**Material provided:**

********

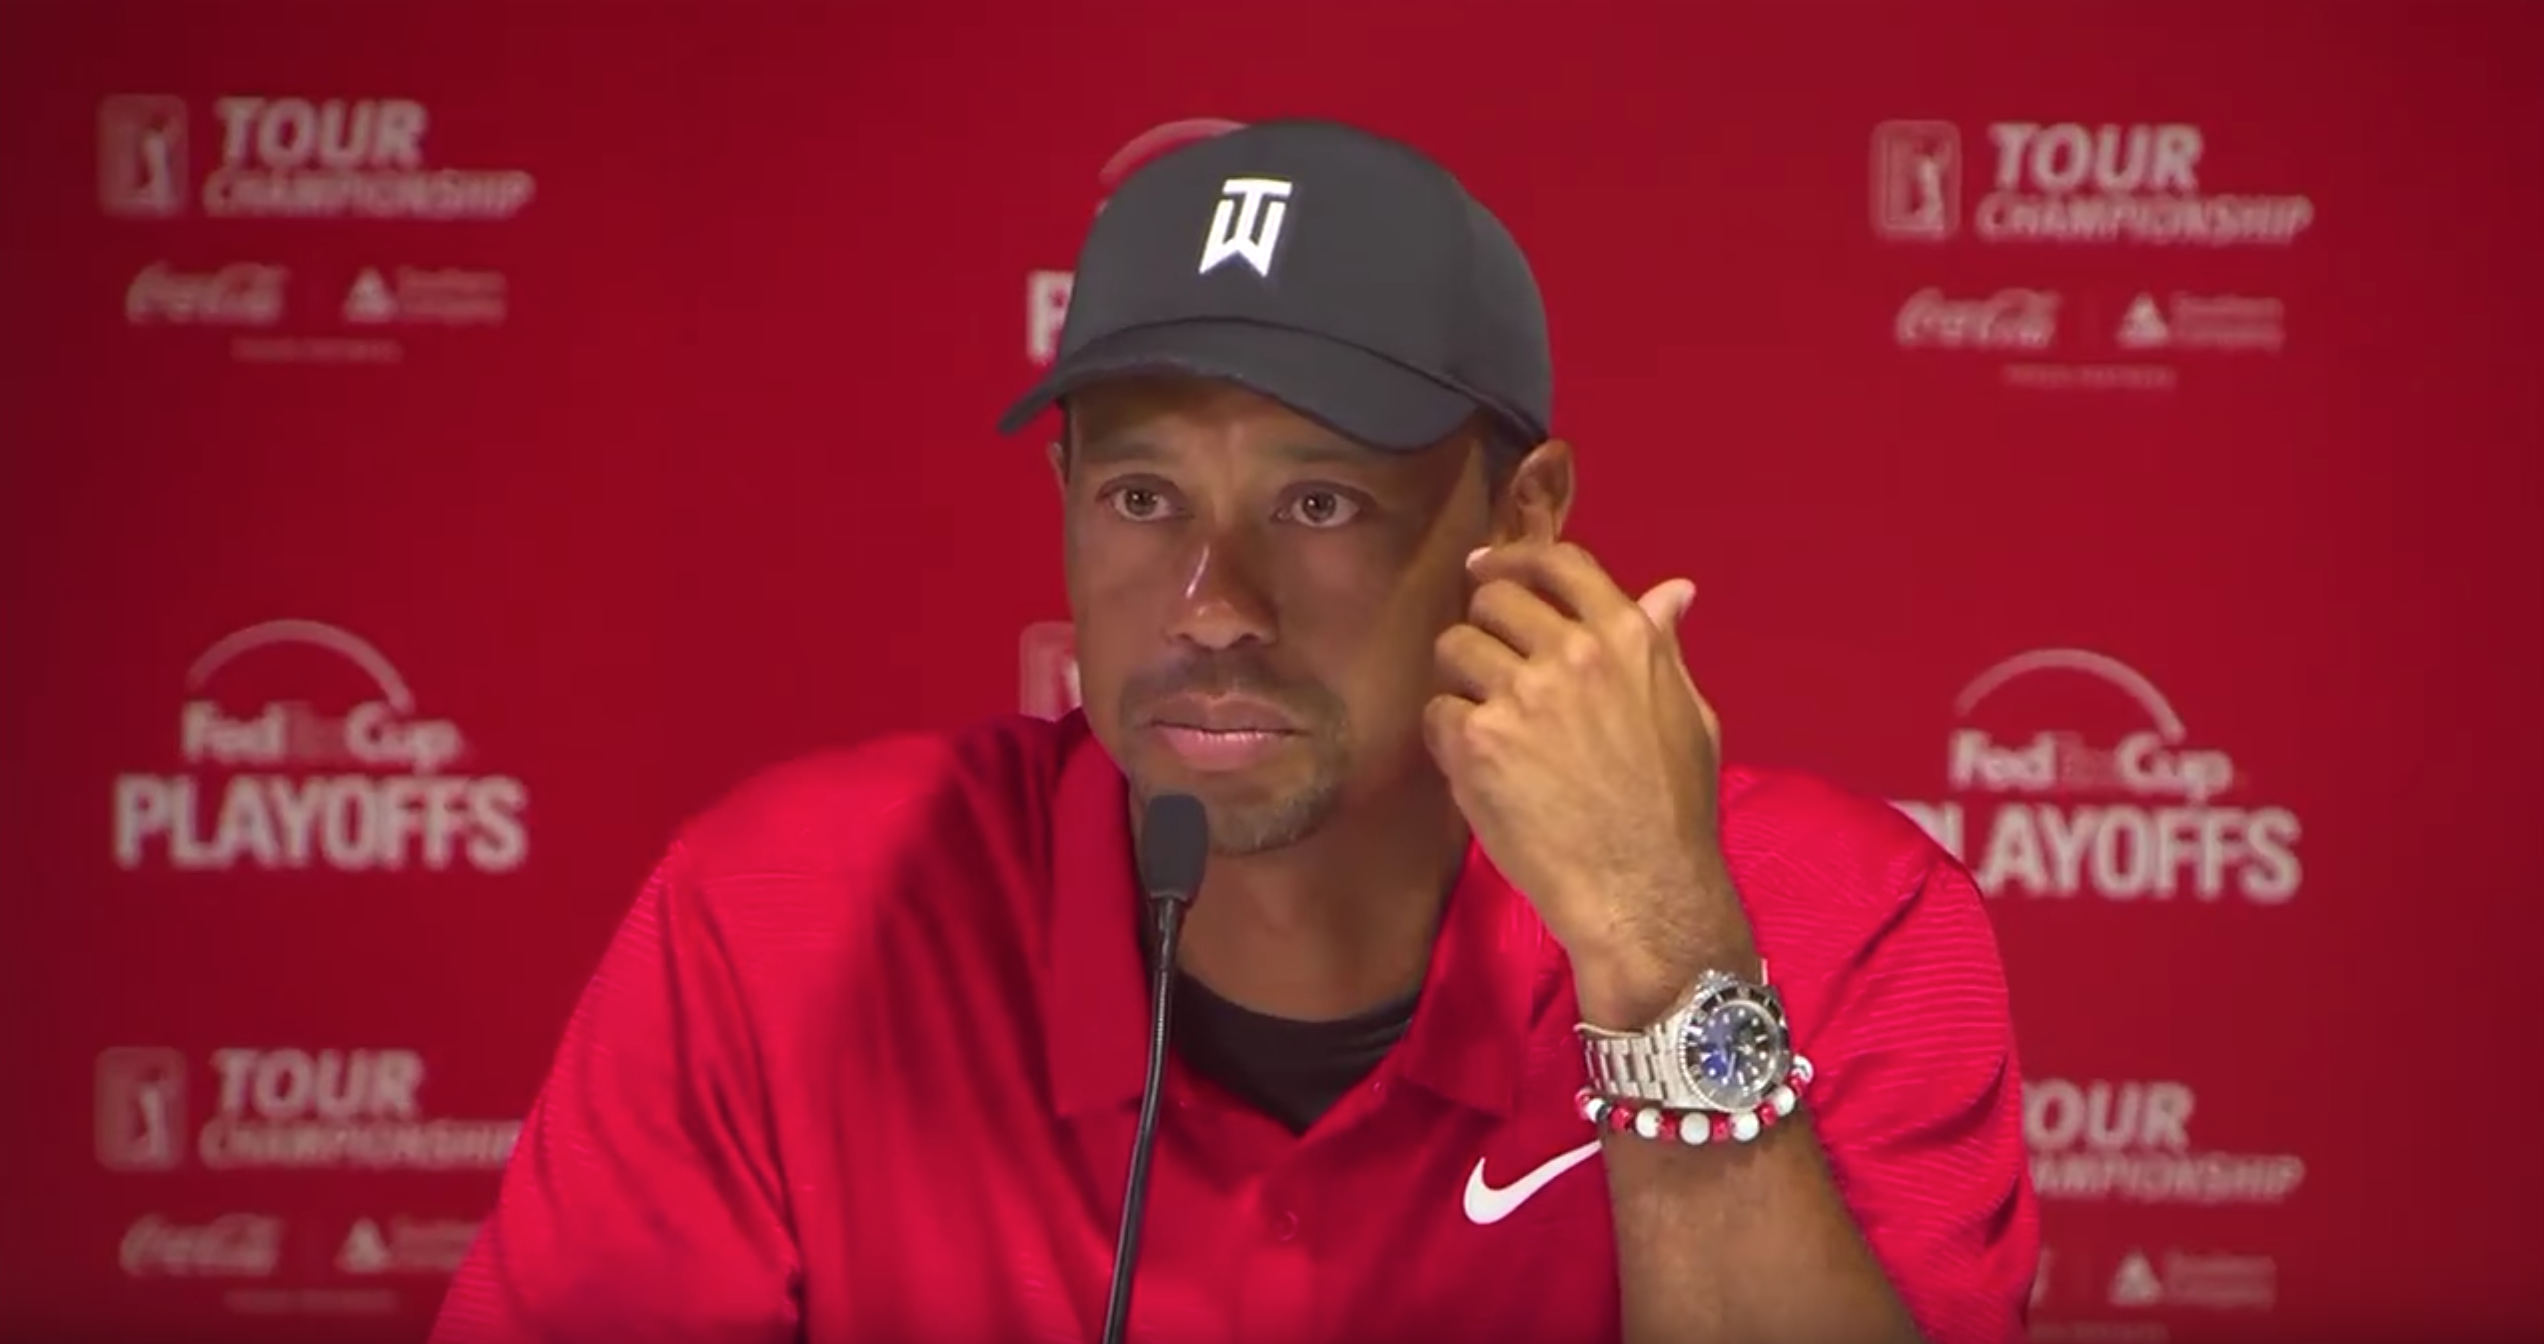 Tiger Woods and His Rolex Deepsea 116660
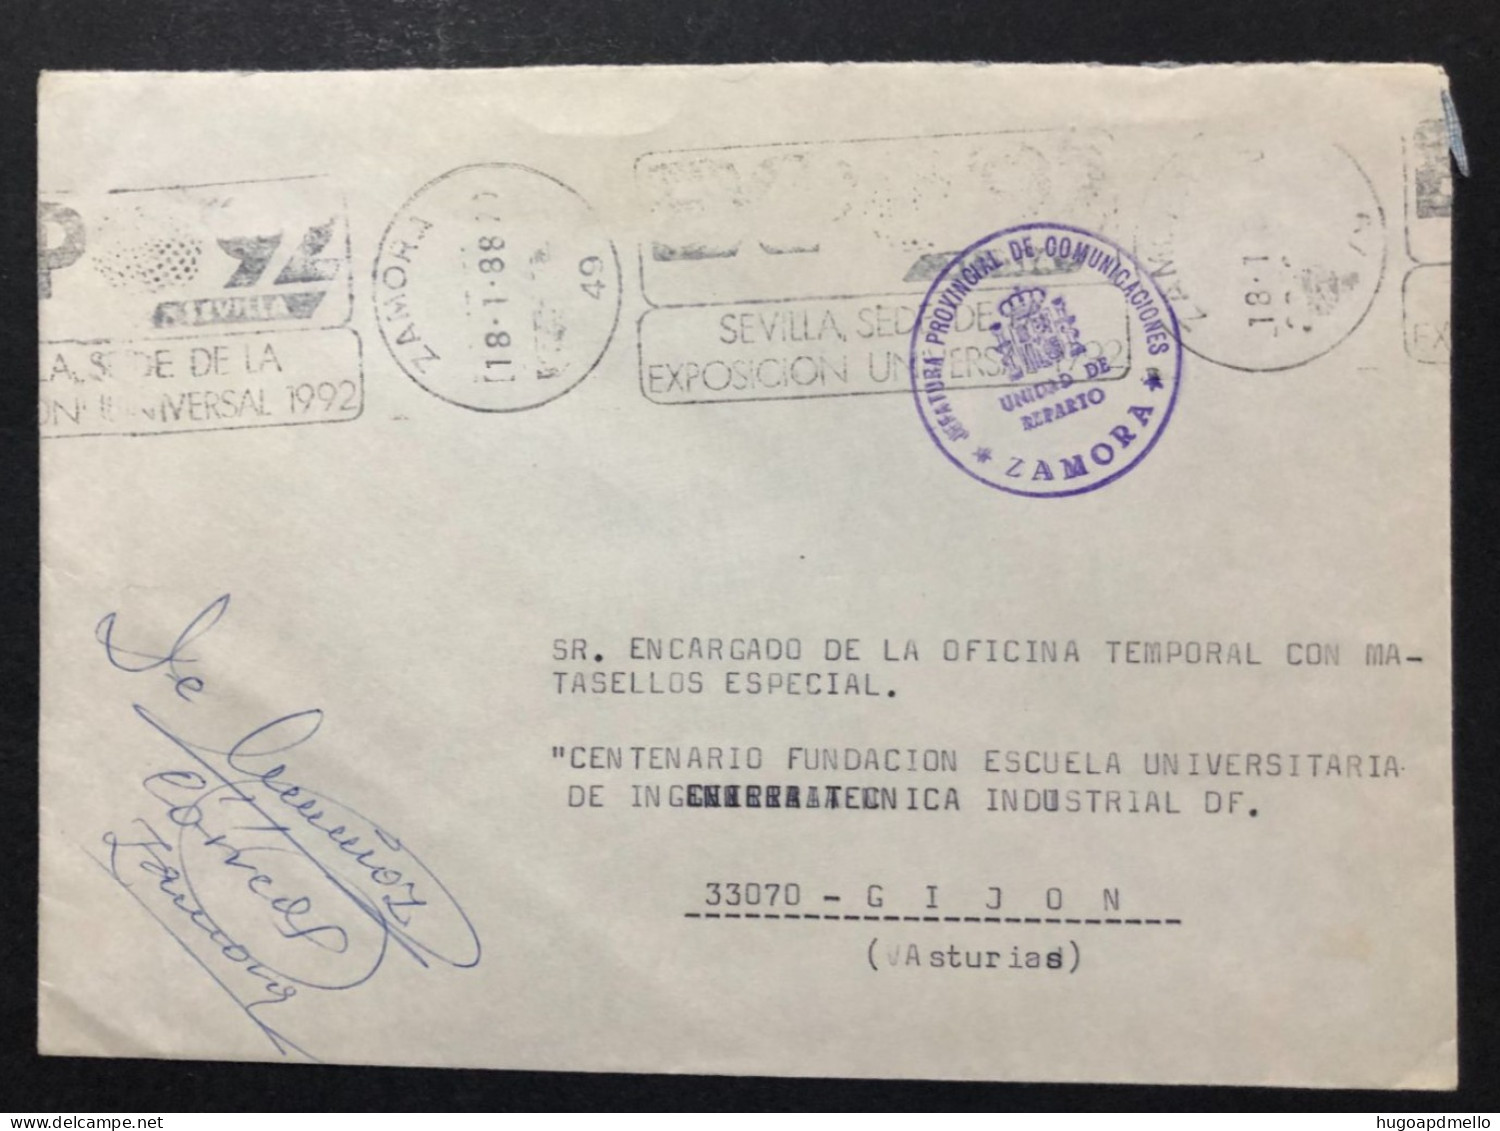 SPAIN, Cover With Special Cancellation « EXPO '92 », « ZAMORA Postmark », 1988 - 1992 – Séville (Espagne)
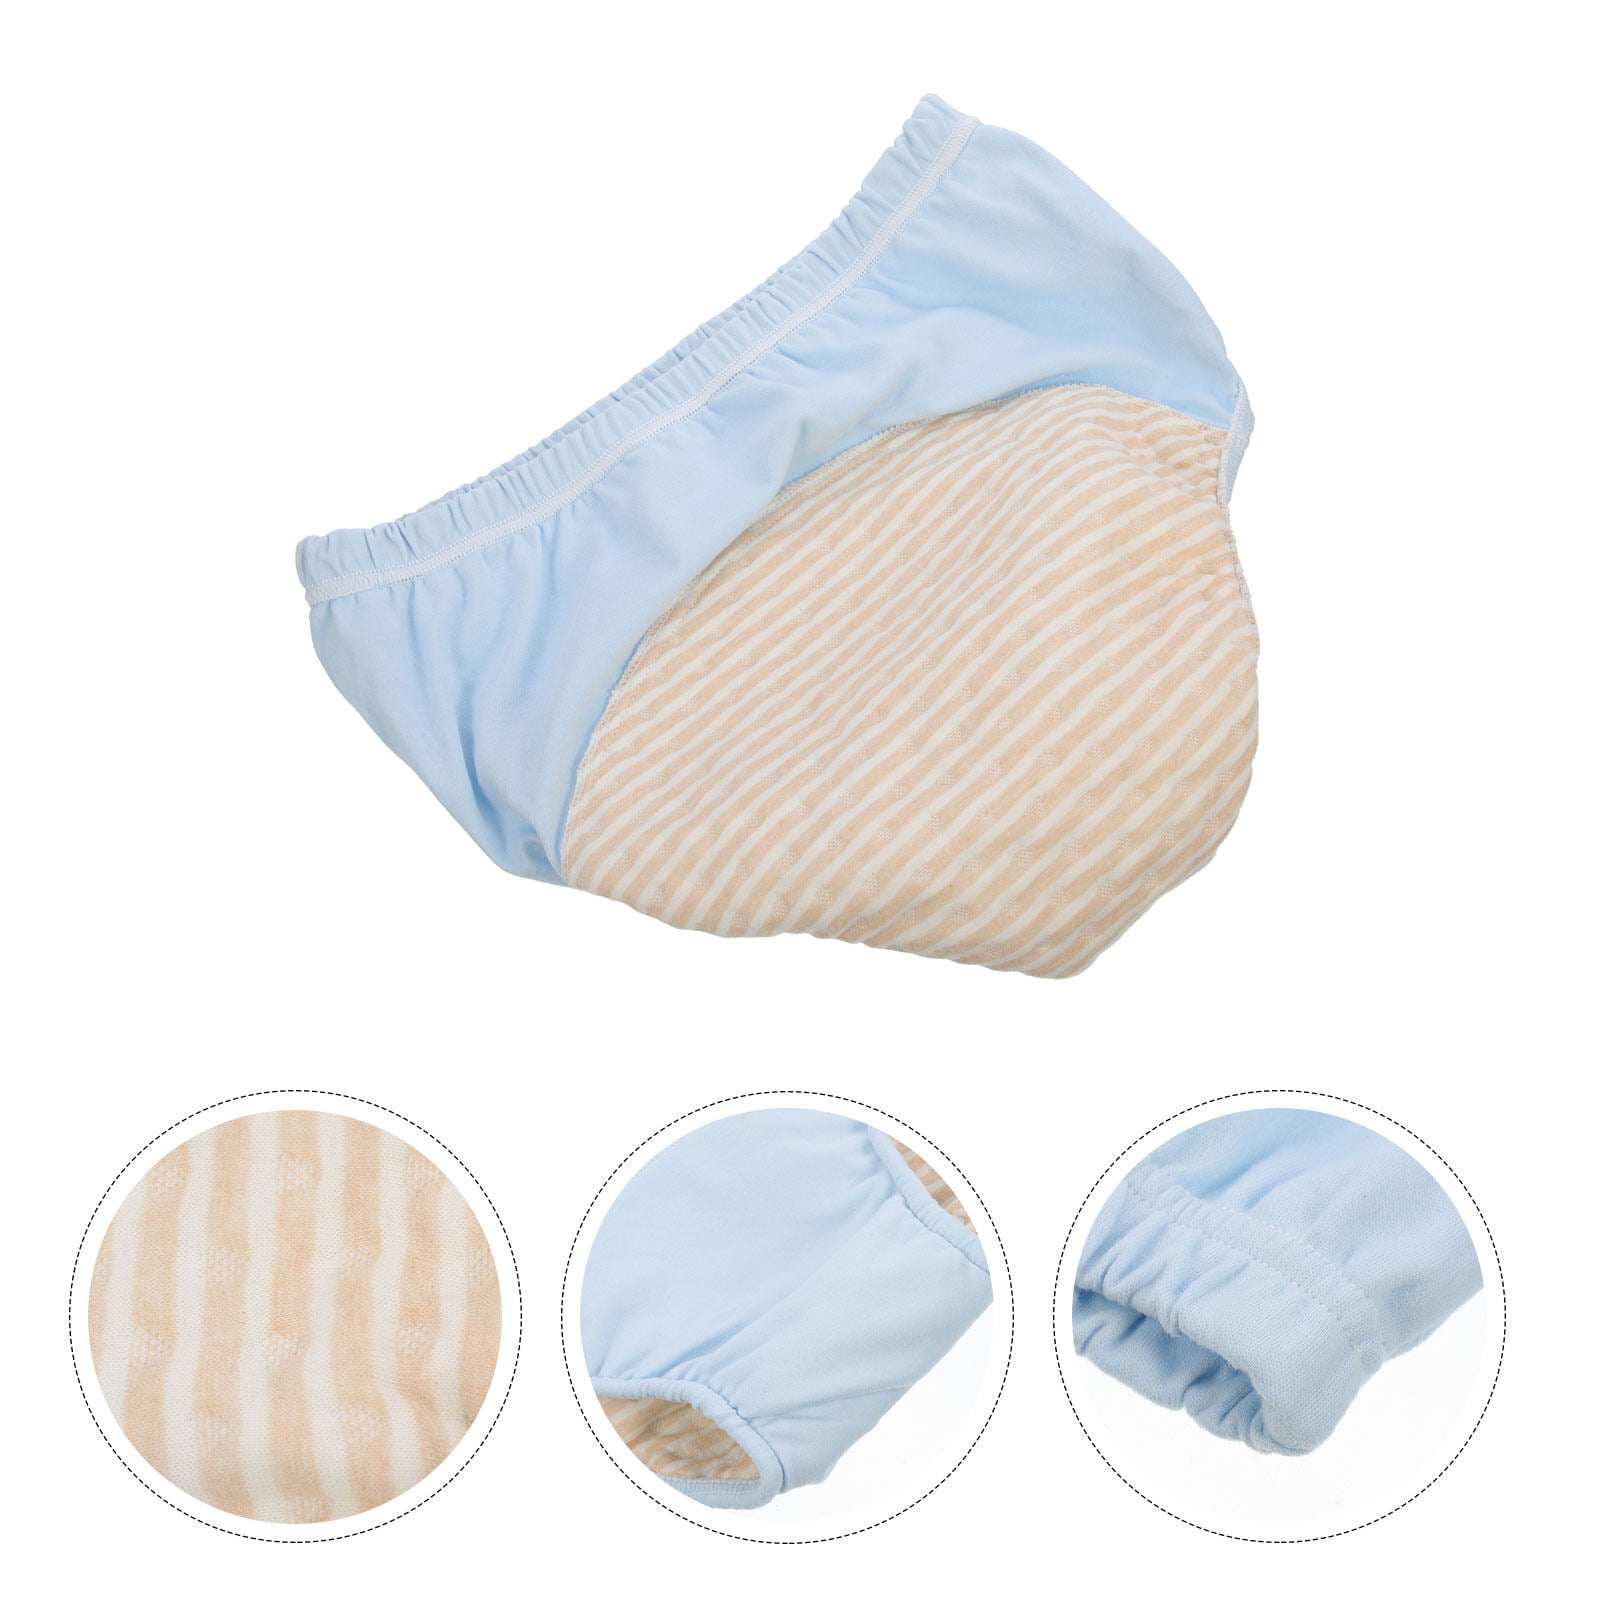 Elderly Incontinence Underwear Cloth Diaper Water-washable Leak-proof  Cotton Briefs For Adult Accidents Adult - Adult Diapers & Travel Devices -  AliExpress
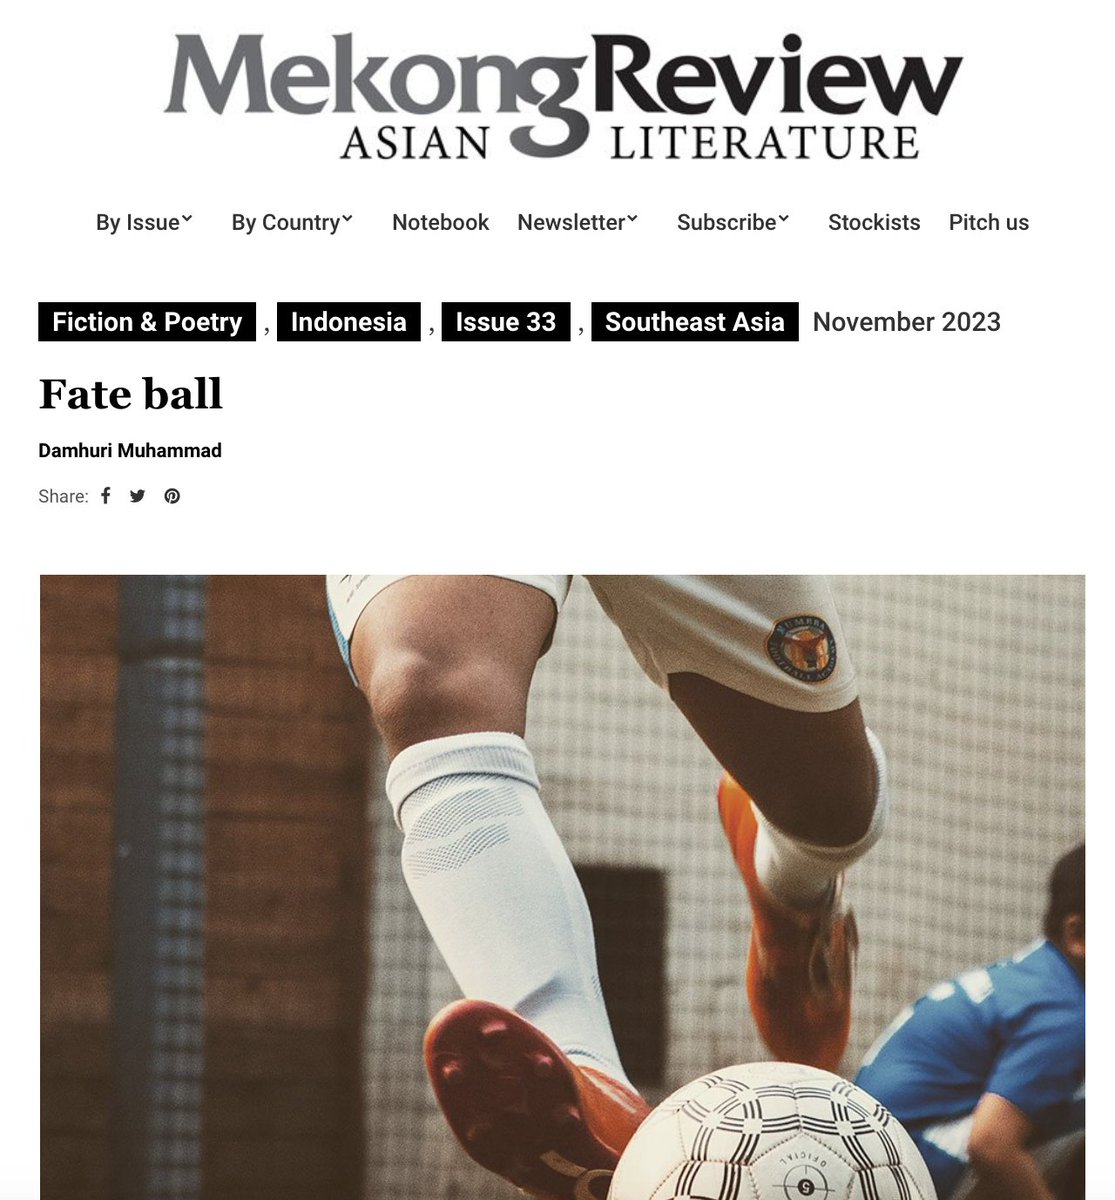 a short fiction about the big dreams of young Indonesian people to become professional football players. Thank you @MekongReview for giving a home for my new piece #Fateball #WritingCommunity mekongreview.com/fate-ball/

********

**Work to complete:** Please give all of the material again, exactly, without the images.

**Task result:**
 Tiger Woods and His Rolex Deepsea 116660
 SPAIN, Cover With Special Cancellation « EXPO '92 », « ZAMORA Postmark », 1988 - 1992 – Séville (Espagne)
 Elderly Incontinence Underwear Cloth Diaper Water-washable Leak-proof  Cotton Briefs For Adult Accidents Adult - Adult Diapers & Travel Devices -  AliExpress
 a short fiction about the big dreams of young Indonesian people to become professional football players. Thank you @MekongReview for giving a home for my new piece #Fateball #WritingCommunity mekongreview.com/fate-ball/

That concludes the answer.